Figure 1: Median and interquantile range of the NSE depicting the discrepancy of 200 simulations between streamflow estimated with parameters obtained at a given scale and those obtained with parameters from other resolutions in the Neckar basin in Germany. Free parameters estimated at given simulation scale (shown in the abscissa) were used as baseline for the selected scale. Two parameterization methods are compared: MPR and HRU. Based on Kumar et al. [2013b].
Using MPR, it has been possible to estimate global parameters simultaneously in ten randomly selected river basins that are able to reproduce streamflow in over 319 Pan-European without recalibration at a spatial resolution of 0.25◦ × 0.25◦ (see pink line in Figure 2). The basins’ area vary from 100 km2 to 50 000 km2. As a reference, the blue line indicates the CDF of the NSE obtained after calibration at every basin separately. The performance in a given location is better than the compromise solution (shown in pink), but the later, in turn, is by far a better estimate than those obtained at a single location that is transferred everywhere else (cross-validation test results shown in grey lines).
This figure also depicts that the performance of mHM in the cross-validation tests indicate that 50% of the basins exhibit a median NSE efficiency greater that 0.5. Low NSE values are related to basins having a very low raingage density and/or having strong anthropogenic influence.

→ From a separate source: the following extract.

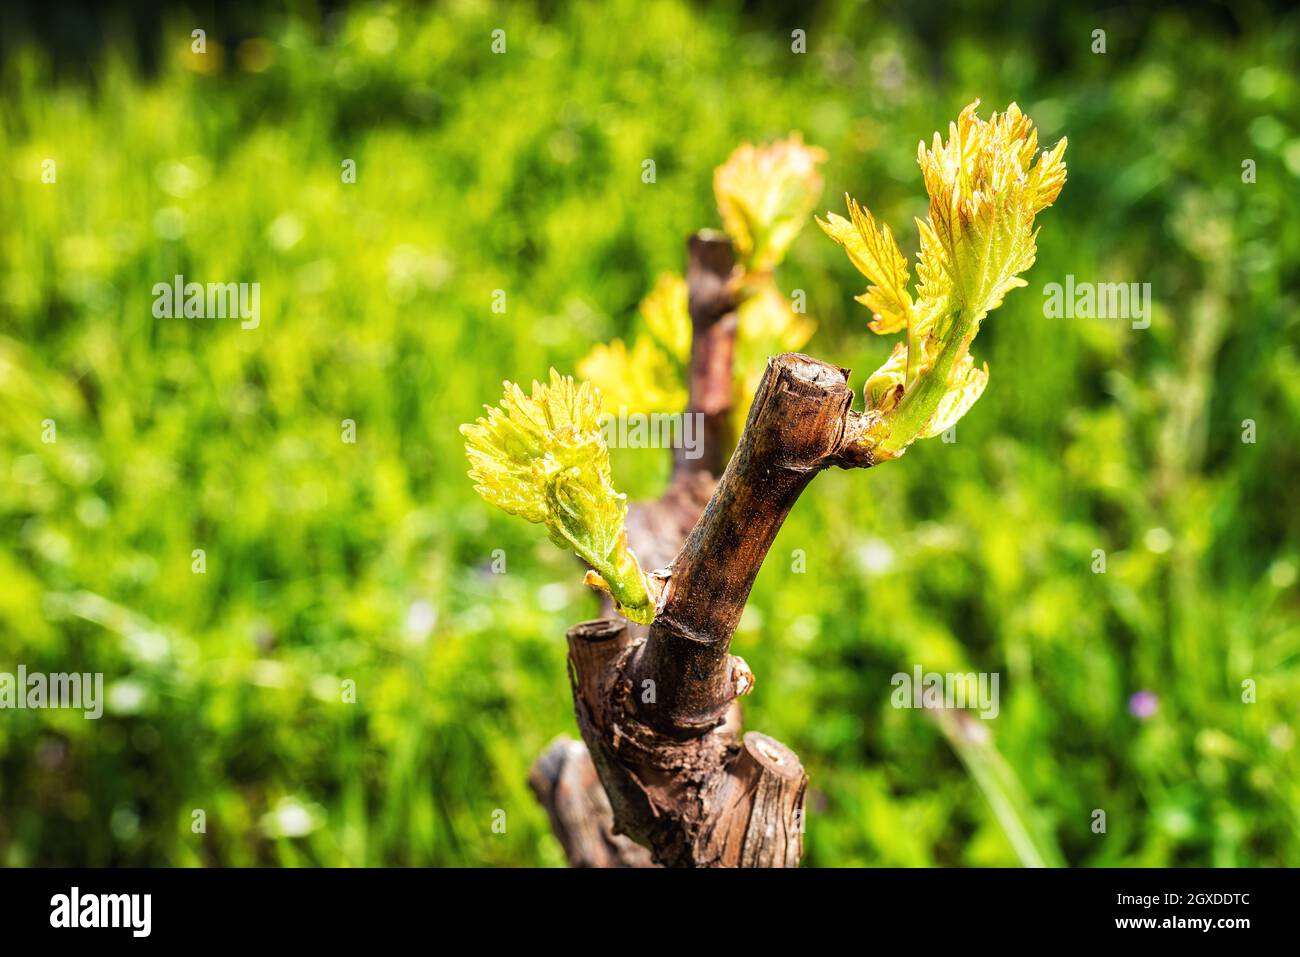 Junger Blütenstand der Rebe. Nahaufnahme der Knospen und jungen Blätter in den Zweigen eines Weinbergs in Sardinien, Italien. Traditionelle Landwirtschaft. Stockfoto

Figure 2: Performance of a compromised solution over 319 Pan-EU basins. CDF depicting performance of the compromised solution (pink), the cross-validated single site performance (grey), and at-site calibration results (blue). Based on Samaniego et al. .
The parameters used for the compromised solution depicted in pink also allows to reproduce the total water storage anomalies observed by GRACE at a spatial resolution of 1◦×1◦ very well. Another advantage of this method is that it allows to make simulations without discontinuities in distributed variables such as soil moisture and actual evapotranspiration. This is a typical problem occurring when a model is calibrated basin-wise. All these improvements in model parameterization will contribute to increase the forecasting skill of the model. But this is not the end of this story: better parameterizations of a LSM will improve the predictions of the NWP models due to the number of complex non-linear feedback mechanisms.
Currently we are expanding our efforts in implementing the MPR technique into the land-surface model NOAH-MP to demonstrate the applicability of this technique in the context of this LSM [Thober et al., 2014], which is part of the WRF-HYDRO system. Eventually, we expect that parameterizations based on the MPR technique would contribute to reduce the predictive uncertainty of WRF-HYDRO and similar systems.
I thank the constructive comments provided by Rohini Kumar, Stephan Thober, and Olrich Rakovec.